ENV PATH="/mise/shims:$PATH"

RUN curl https://mise.run | sh

This approach eliminates the need to manually manage Go versions, Node.js installations, and other development dependencies in Docker images. The mise configuration becomes the single source of truth for all environments.

GitHub Actions

When using Mise in GitHub Actions, you may encounter rate limiting issues since Mise downloads packages from GitHub's artifact system by default. Running parallel jobs that continuously download packages can trigger GitHub's API rate limits, causing pipeline failures. The typical error message looks like this:

golangci-lint@latest:
   0: failed to install aqua:golangci/golangci-lint@2.4.0
   1: HTTP status client error (403 rate limit exceeded) for url (https://api.github.com/repos/golangci/golangci-lint/releases/tags/2.4.0)
   2: HTTP status client error (403 rate limit exceeded) for url (https://api.github.com/repos/golangci/golangci-lint/releases/tags/v2.4.0)

The solution is straightforward - authenticate your requests using the built-in GITHUB_TOKEN. This token is automatically provided by GitHub Actions with generous rate limits for authenticated requests:

      - name: Setup mise
        uses: jdx/mise-action@v2
        with:
          install: true
          cache: true
          experimental: true
        env:
          GITHUB_TOKEN: ${{ secrets.GITHUB_TOKEN }}

Note that I am using mise-action as it automated a lot of mundane setup tasks.

Use GitHub release assets

One of Mise's most powerful features is its ability to install tools directly from GitHub release assets. This is particularly valuable for projects that distribute pre-compiled binaries through GitHub releases, eliminating the need to build from source or rely on package managers or bespoken installation scripts.

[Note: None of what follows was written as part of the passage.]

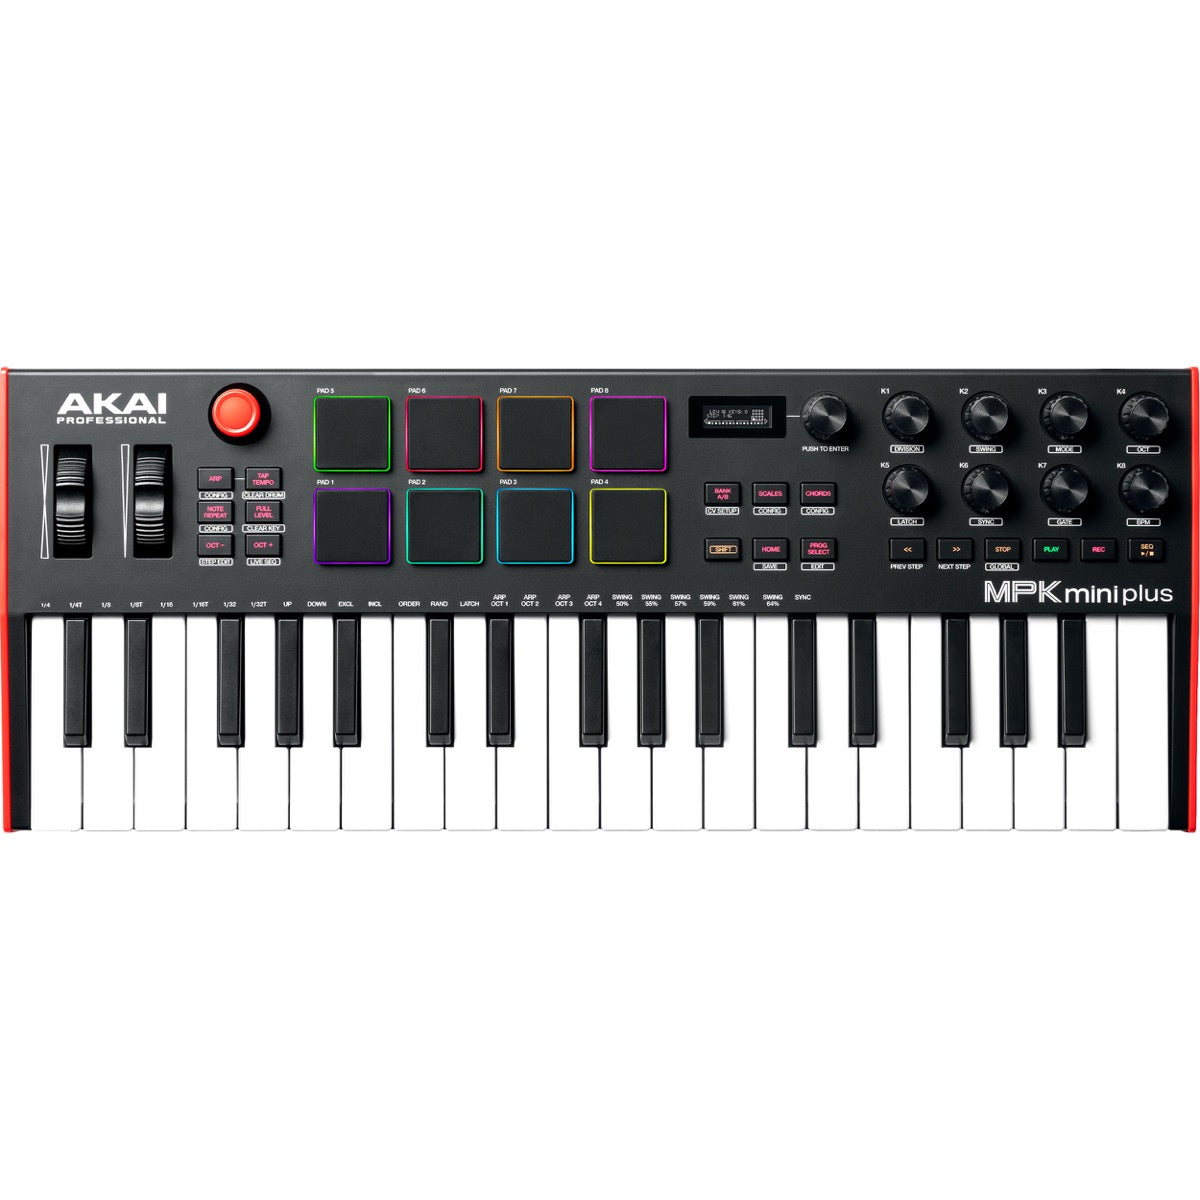 Akai Professional MPK MINI MK3 MIDI Compact Keyboard and Pad Controller
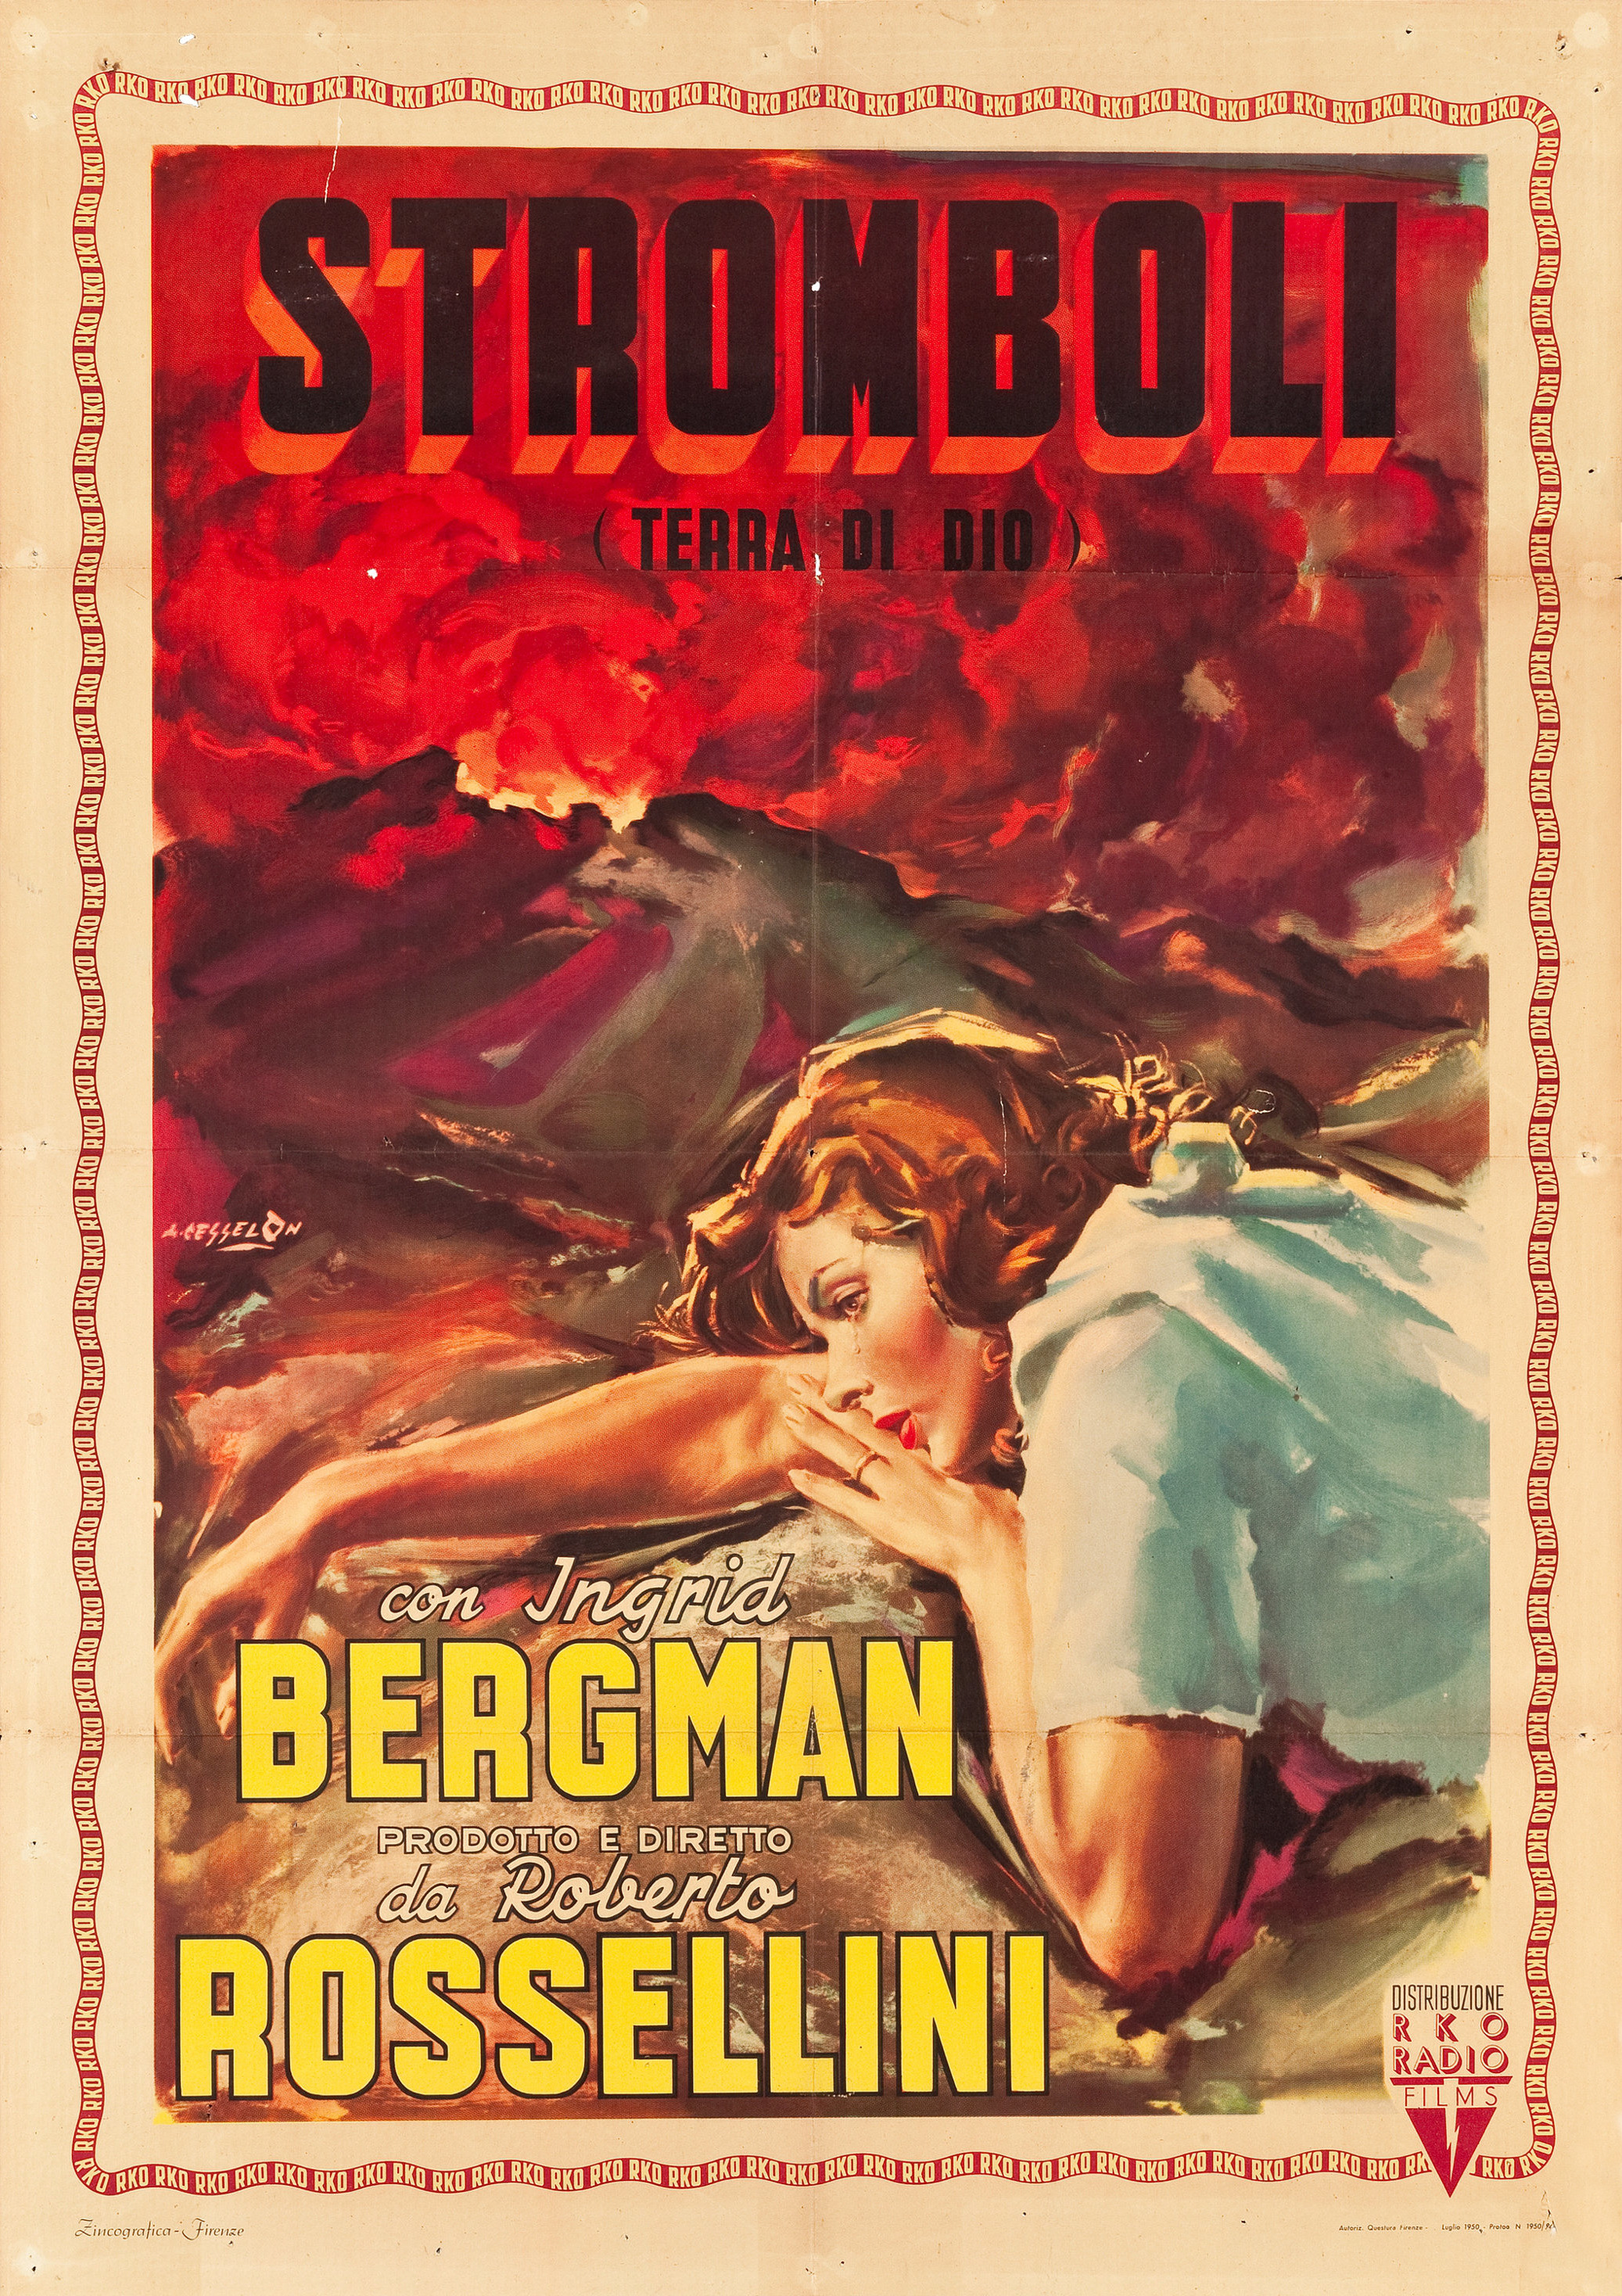 Mega Sized Movie Poster Image for Stromboli (#2 of 2)

For projects like kodelet, which provides cross-compiled binaries for multiple platforms as release assets, this feature enables seamless tool installation across different environments without worrying about build dependencies or compilation complexity.

The installation process is straightforward:

# this is currently an experimental feature
mise settings experimental=true

$ mise use -g github:jingkaihe/kodelet
mise ~/.config/mise/config.toml tools: github:jingkaihe/kodelet@0.0.87.alpha

$ which kodelet
/home/jingkaihe/.local/share/mise/installs/github-jingkaihe-kodelet/0.0.87.alpha/kodelet

This approach works exceptionally well for internal tools, custom utilities, or any project that follows the GitHub releases pattern for distributing binaries. The integration feels native and maintains consistency with other mise-managed tools.

Note that this is currently an experimental feature. If you pay close attention to its source code, it appears that by default it relies on some kind of "convention over configuration" file naming convention to detect platform and architecture of the binary tarball, therefore at this stage you should use it at your own risk.

Final Thoughts

I've been using mise for only 2 days but with the simplicity it brings it is easily one of the tools with the most insane ROI that I've ever used this year. Also big shout out to the UX design of the CLI, it is very intuitive, easy to use and LLM friendly.

Also with the assistance from the coding agent, in combination with RTFM (you cannot escape reading the docs), picking up new tools becomes a breeze. The mise documentation is comprehensive and the tool itself provides helpful error messages and guidance when things don't work as expected.